NA: As we close this co-imaginative piece, I need to mention the elephant (and donkey) in the room—the recent United States presidential election. Here are a few stories of my first days after the election. These experiences are also true for many of my friends of color. Yes, these are true stories (no thought experiments here).
1) As we watched the results come in on election night—results that challenged the so-called expected and predicted victory of Hillary Clinton—none of us were that surprised. Disappointed—yes. Surprised—NO. Instead, the Trump victory confirmed our worst fears about our nation, fears that we have long felt in our daily, lived experiences.
2) As people of color, we have had white students who “confide” in us that they voted for Trump, and now they fear that they can’t admit this to others because they might be seen as being “racist” (however they configure/define that). I sense that there might be important lessons to learn about the wide swath of Trump voters who might not consider themselves “racists.” Yet why do these white folks feel that I—as a person of color—want to help them “process” this right now? Is this a Mammy thing where I’m seen as always “required” to take care of them around these damn issues?
3) On the day after the election, two little African American girls at my daughter’s elementary school (K–2ndgrade) whispered audibly to each other, “Trump is now going to send us back to Africa.”
4) A helpful guide I’ve seen for talking about the possible trauma caused by the election in our college classrooms says (1) reassure your students that you do not support hate speech and you greatly value students from all backgrounds, and (2) now more than ever, it is important to take a stand about what you believe is right whenever you see that someone else’s rights are being violated. 

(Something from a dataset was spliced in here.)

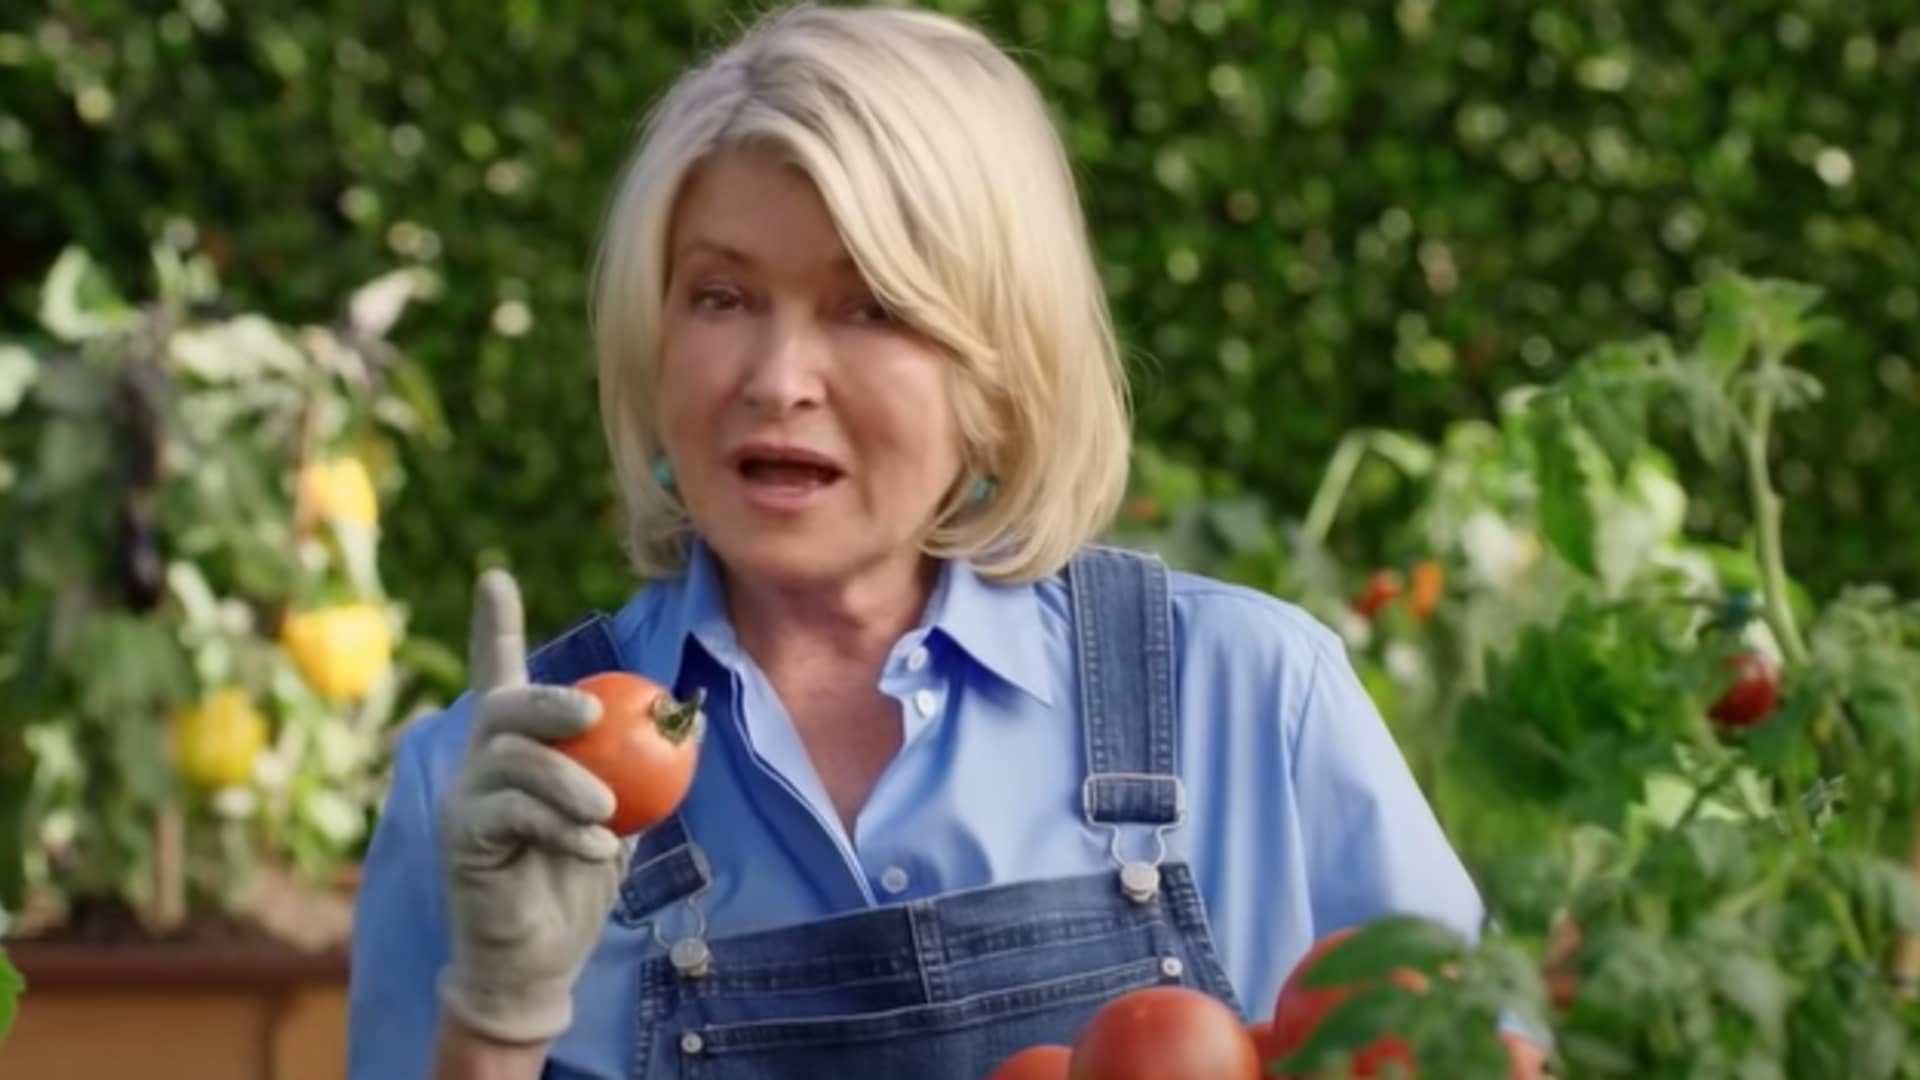 Still from Scotts Miracle-Gro Super Bowl commercial.

WC: In solidarity, with love.
NA: Solidarity and love.
Naomi André is Associate Professor in Women’s Studies and in the Department of Afroamerican and African Studies, and is the Associate Director for Faculty at the Residential College at the University of Michigan. Her books, Voicing Gender: Castrati, Travesti, and the Second Woman in Early Nineteenth-Century Italian Opera (2006) and Blackness in Opera(2012, edited collection), focus on opera from the nineteenth to the mid-twentieth centuries and explore constructions of gender, race and identity. She is also the author of Engaging Black Experience in Opera: Studies in the US and South Africa (forthcoming from University of Illinois Press).
William Cheng is Assistant Professor of Music at Dartmouth College. He is the author of Sound Play: Video Games and the Musical Imagination (Oxford 2014) and Just Vibrations: The Purpose of Sounding Good (Michigan 2016). His current projects include All the Beautiful Musicians (Oxford), Touching Pitch: Dirt, Debt, Color (Michigan), Queering the Field: Sounding Out Ethnomusicology (Oxford, coedited with Greg Barz), and a new book series on public musicology and social justice (University of Michigan Press with coeditor Andrew Dell’Antonio). He has written pieces for Musicology Now, Slate, Washington Post, Huffington Post, TIME, and Pacific Standard.